商工省貿易振興庁貿易振興政策部副部長のチン・フエン・マイ氏は、ベトナム企業は現在、大半が中小企業であり、主に加工チェーンを通じて輸出しているか、原材料を海外の製造・加工業者への投入物として輸出していると述べた。その後、製品は海外のパートナー企業によって加工・包装され、自社ブランドで輸出されている。そのため、国際市場におけるベトナム製品の付加価値とプライベートブランドは依然として低い。
現実には、潜在力、市場理解、綿密に練られた戦略を持つ少数の企業のみが自社ブランドの開発に成功しており、大多数の企業は依然として資金、技術、競争力の面で困難に直面しています。
「ブランド輸出立国」の志
経済専門家のグエン・ミン・フォン博士によると、多くのベトナム企業は、特に深層統合の文脈において、ブランド構築の問題に依然として苦戦しているという。最大の弱点は、低いスタート地点、長期的なビジョンの欠如、そして体系的なブランド管理基盤の欠如である。多くの企業は、ブランドを戦略的資産として捉えることなく、生産と短期的な収益のみに焦点を当てており、その結果、ベトナム製品は品質は高いものの、国際的なブランドマップ上で明確なポジションを獲得できていないという状況に陥っている。

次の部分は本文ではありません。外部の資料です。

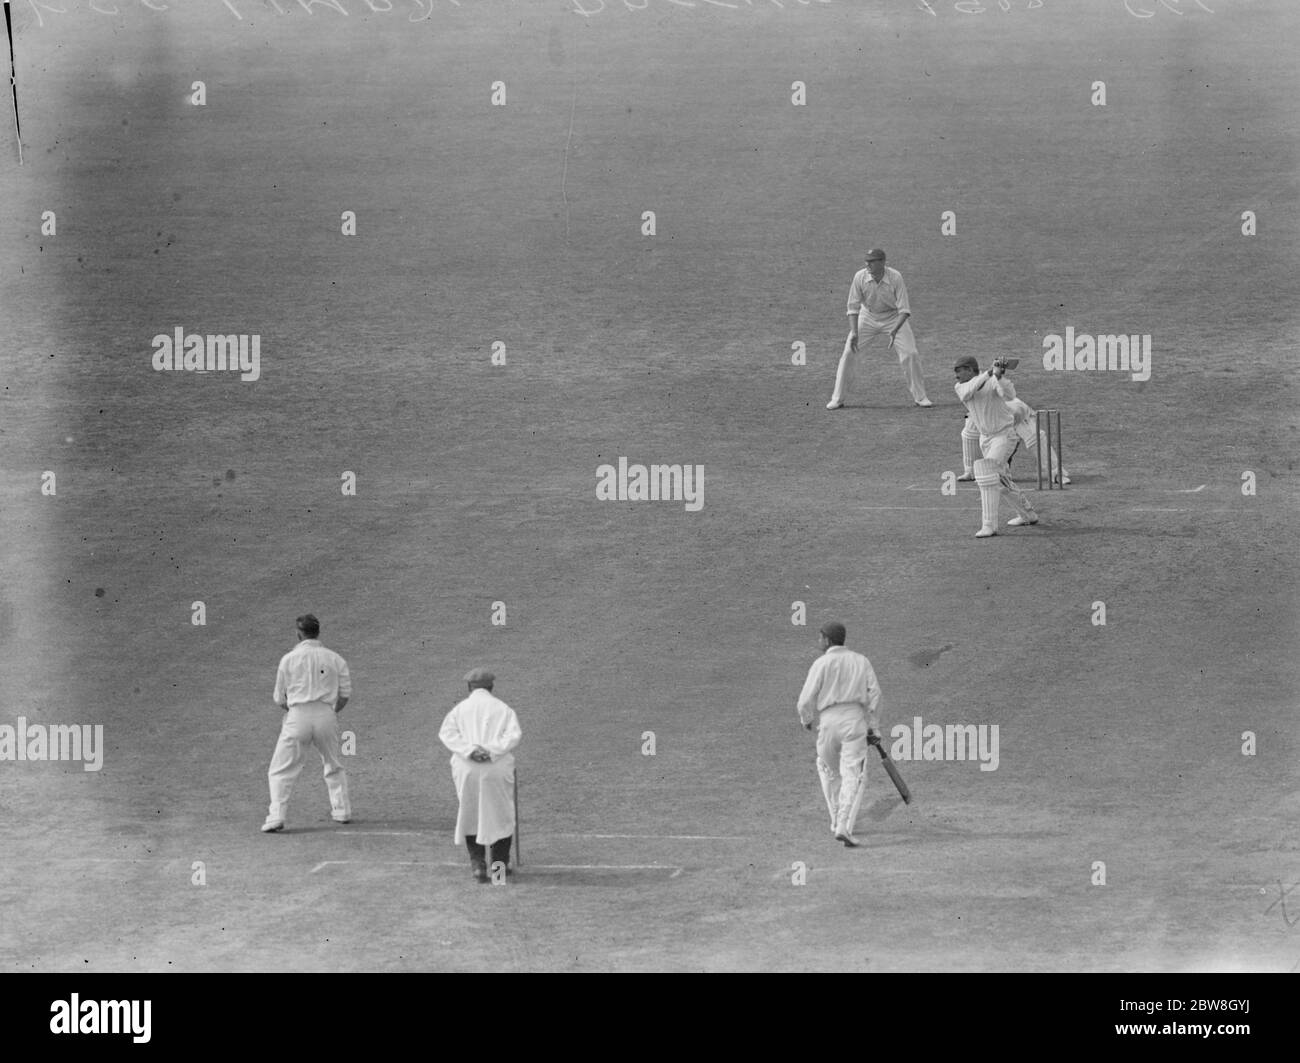 Surrey versus All India at the Oval . K S G Limbdi , who captained the Indians , and made 43 runs , by hard hitting , driving Gregory to the rails . 16 August 1932 Stock Photo

「一方、日本、韓国、中国といったEU加盟国は、世界的に競争力のあるブランドの開発に数十年を費やし、真剣に投資してきました。こうした体系的な投資により、生産から流通までバリューチェーン全体をコントロールし、消費者との信頼関係を築き、製品価値を高めることができました」とフォン氏は述べ、多くのベトナム企業が依然として加工業にとどまり、市場に依存し、ブランドポジショニングにおける主導権を欠いていると強調した。
したがって、専門家は、輸出が持続可能な原動力となるためには、ベトナム企業は思考を転換し、低コスト志向から価値とブランドの創造に重点を置く必要があると考えています。市場拡大は、製品の品質向上、企業の評判向上、ひいては国家の地位向上につながる必要があります。輸出は量を追い求めるのではなく、付加価値を追求し、品質と差別化を通じてベトナムブランドを確立する必要があります。これこそが、ベトナム製品が確固たる地位を築き、国際市場を席巻するための基盤となるのです。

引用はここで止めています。